Commanders and leaders
- Frank Thompson (POW): Máximo Blanco Sylvanus Spencer Pierre Barillier

Strength
- ~70 filibusters: ~130

Casualties and losses
- ~60 killed (on land and drowned), 2 captured.: 2 wounded.

= Battle of Hipp's Point (1856) =

Military engagement during the Filibuster war in Costa Rica

The Battle of Hipp's Point (also referred to as the Assault on Hipp's Point), also known in Central American historiography as the First Battle of La Trinidad, was a small but significant military engagement that occurred on December 22, 1856, at the confluence of the Sarapiquí River and the San Juan River, during the Filibuster War.

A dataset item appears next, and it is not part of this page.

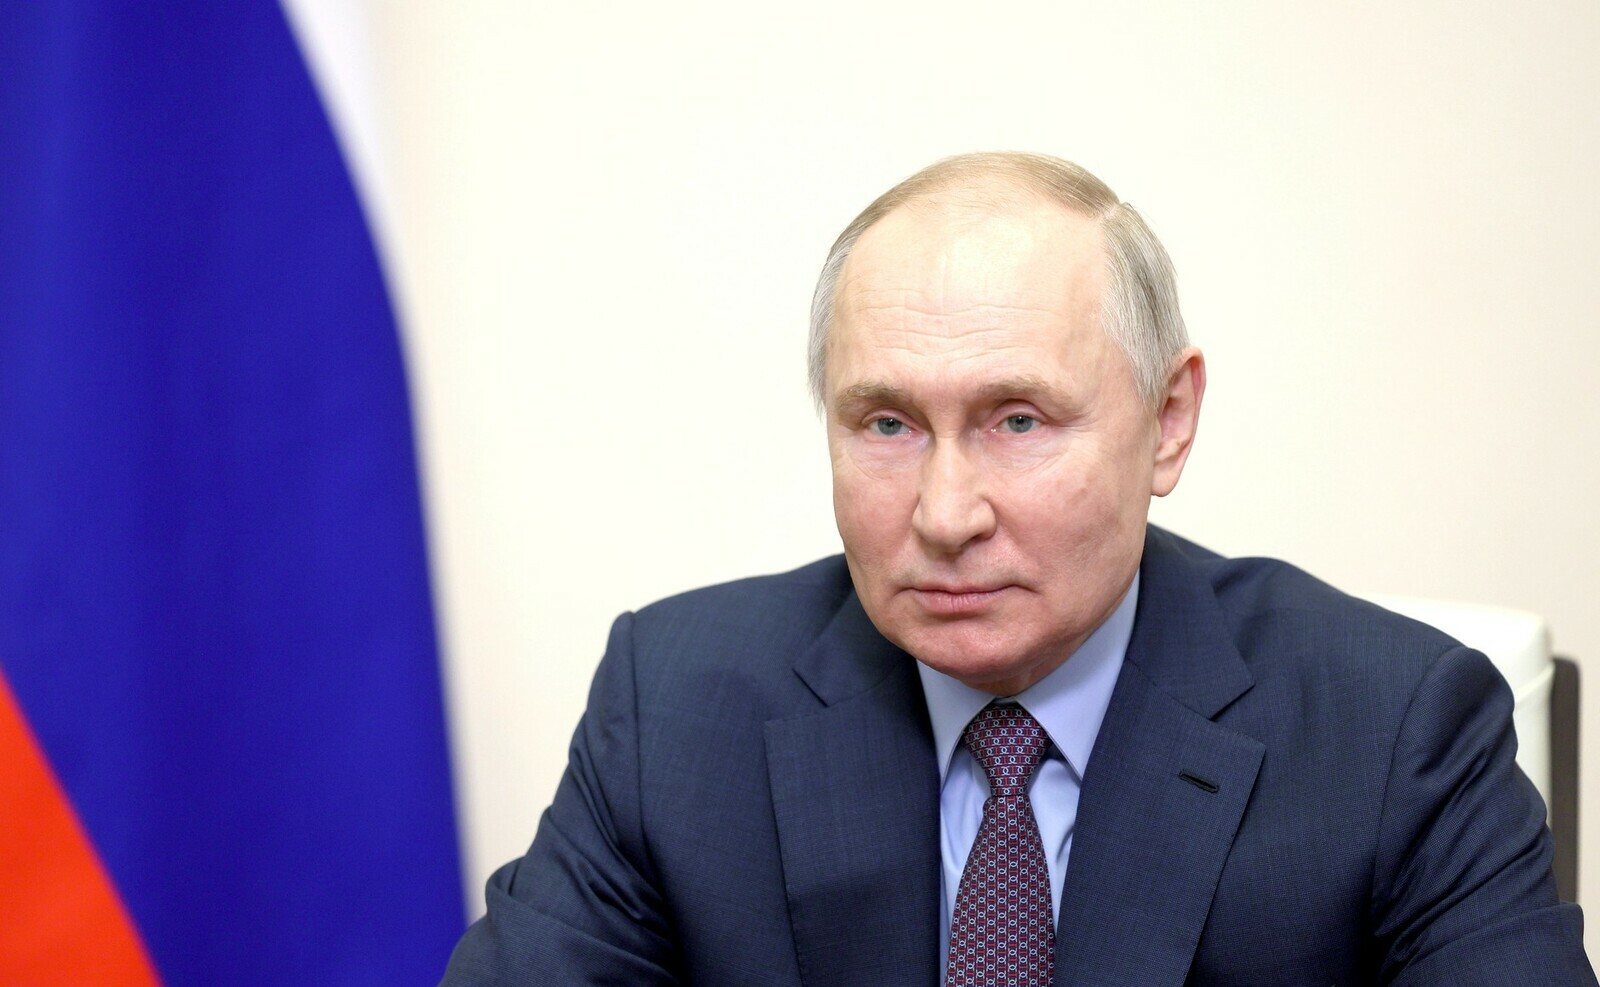 Путин Раҫҫей ученӑйĕсемпе хамăр çĕршыври медицина аталанӑвне сӳтсе явнӑ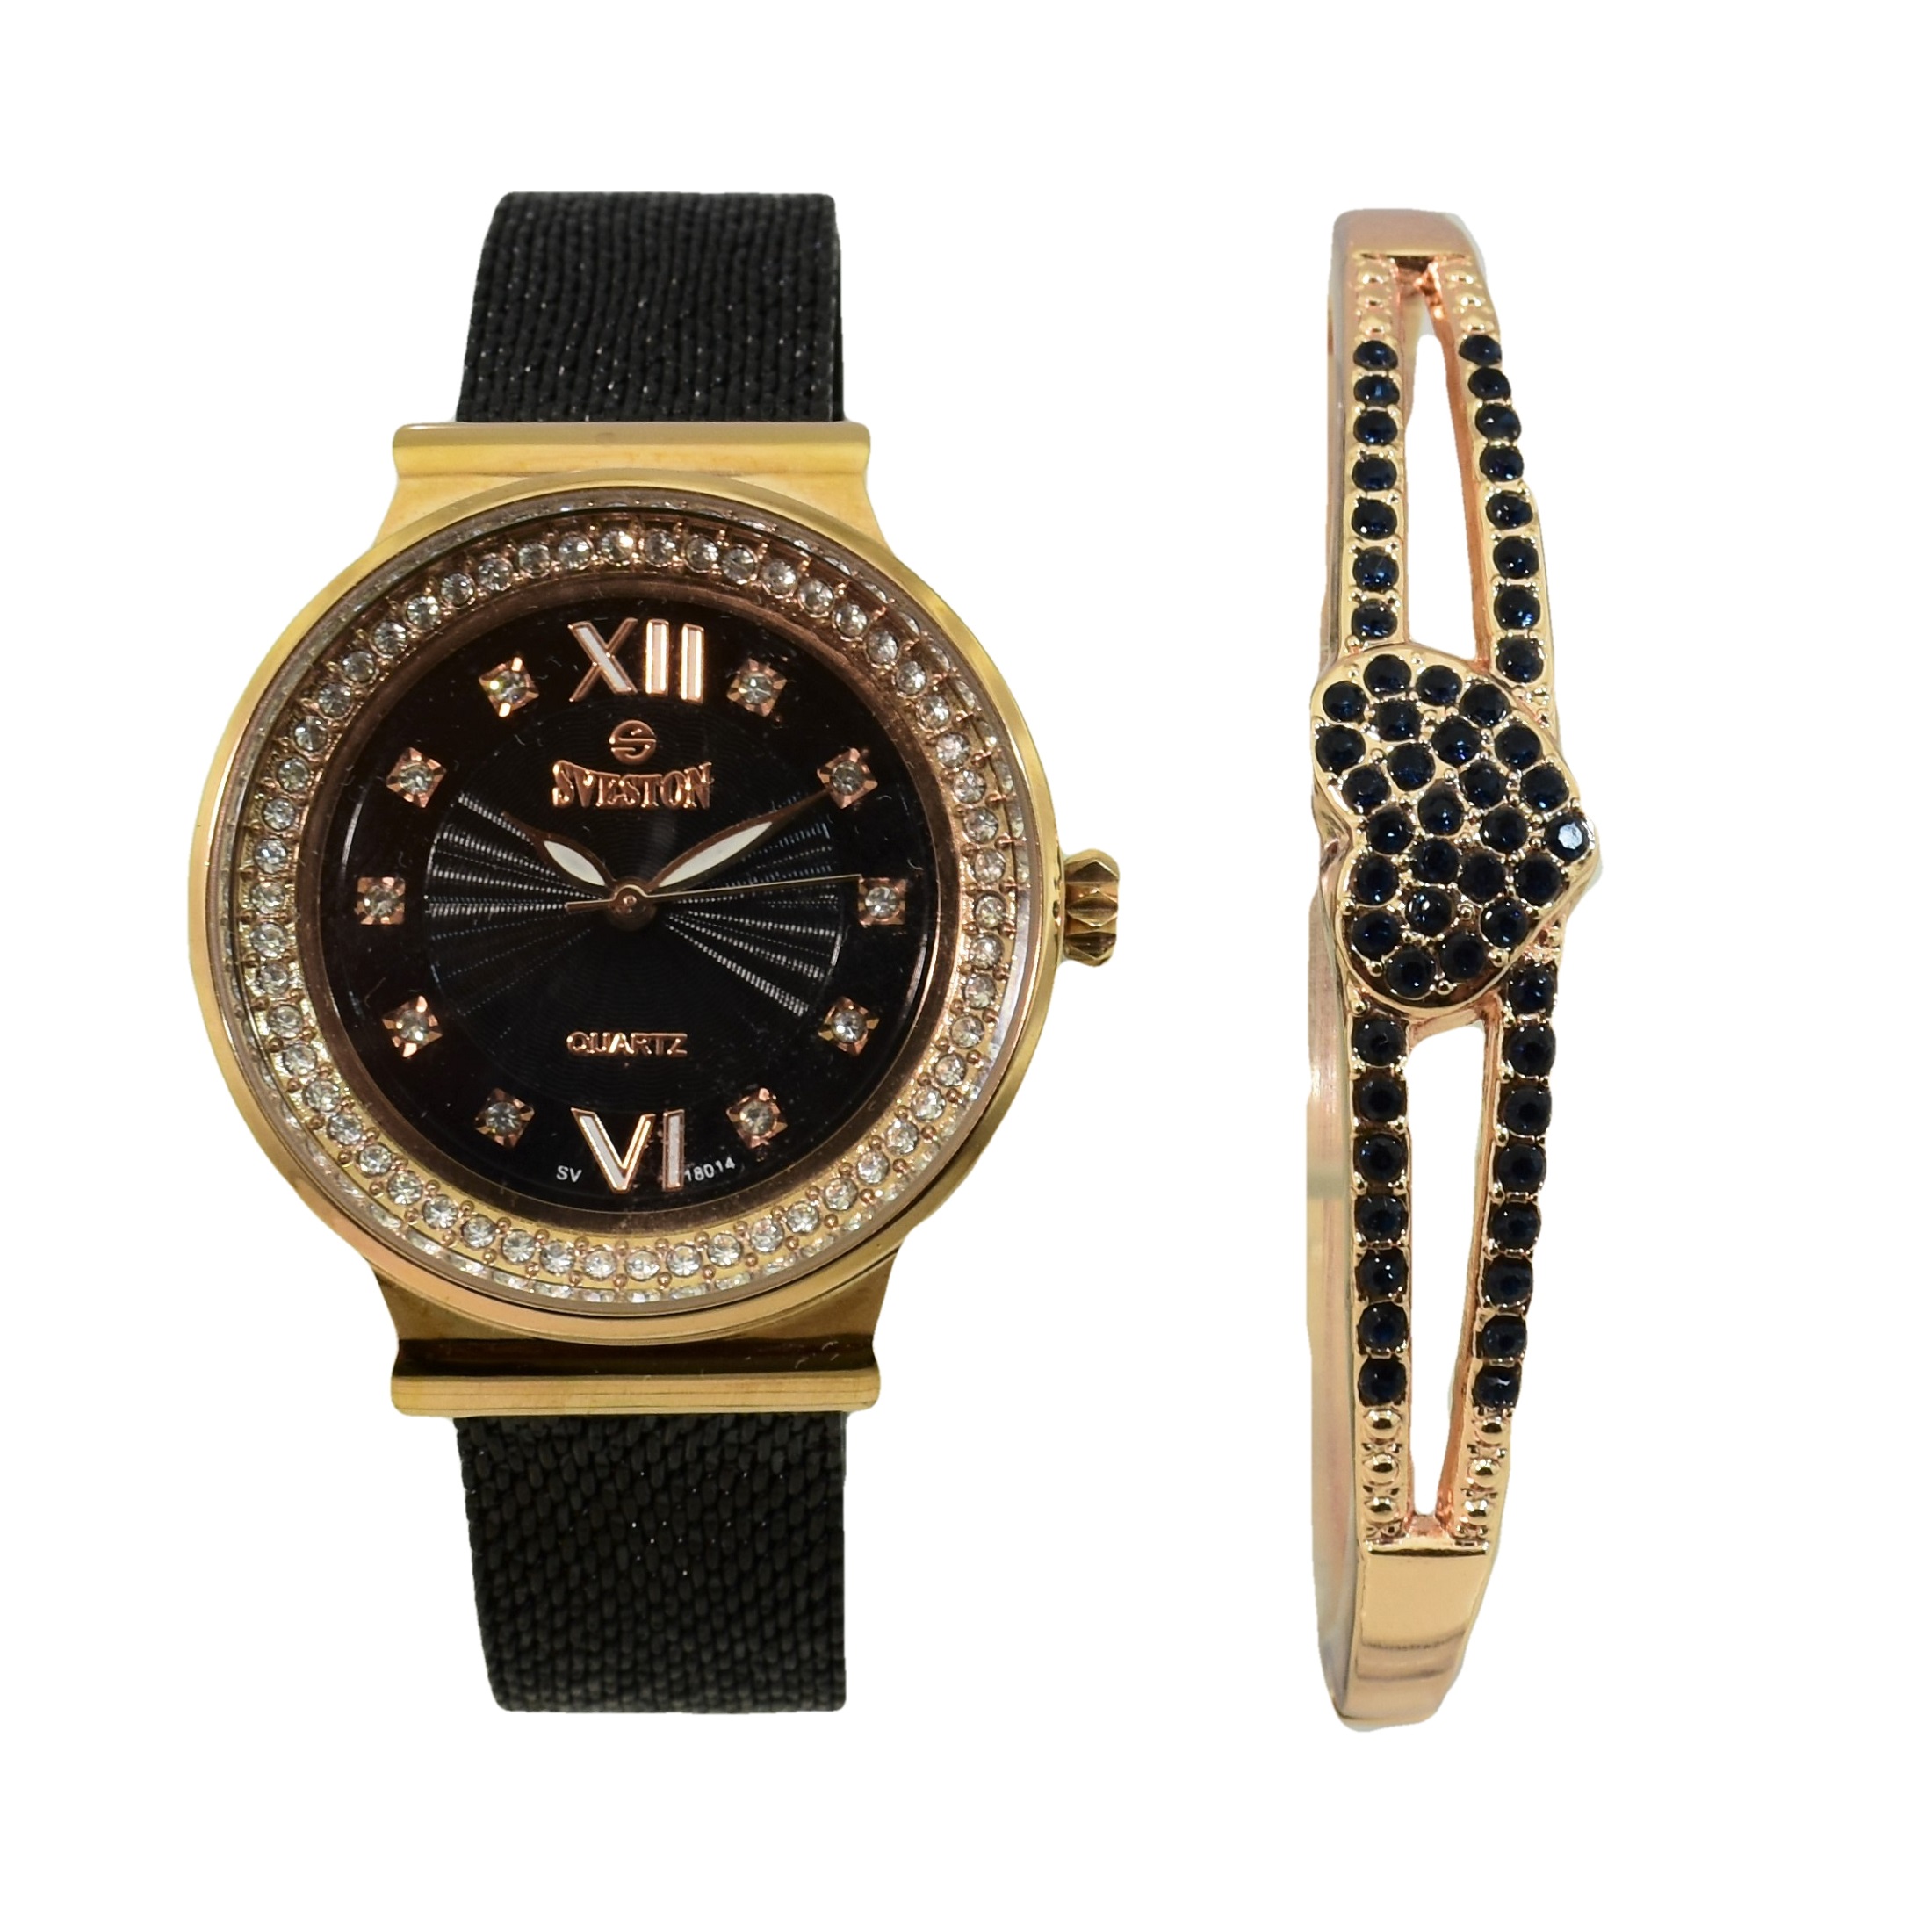 ساعت مچی عقربه ای زنانه سوستون مدل SV-18014 به همراه دستبند

This combat represented a crucial strategic victory for the Costa Rican Army, as it marked the beginning of the operation to capture the Transit Route, the main supply and reinforcement artery for William Walker's filibuster army.

== Background ==

=== Strategic plan and expedition departure ===
Following the first phase of the Filibuster War, President Juan Rafael Mora Porras understood that the only way to definitively defeat William Walker was by severing his supply line: the Transit Route. To achieve this, a vanguard column was organized to advance through the northern plains of Costa Rica, descend the San Carlos River, and launch surprise attacks on strategic points along the San Juan River.

At the onset of the expedition, command of the battalion was officially assigned to the French-born military officer Pierre Barillier (also known as Pedro or "The Zouave"). The mission also included the participation of American engineer Sylvanus Spencer, sent as the expedition chief and geographical guide, along with Sergeant Major Máximo Blanco.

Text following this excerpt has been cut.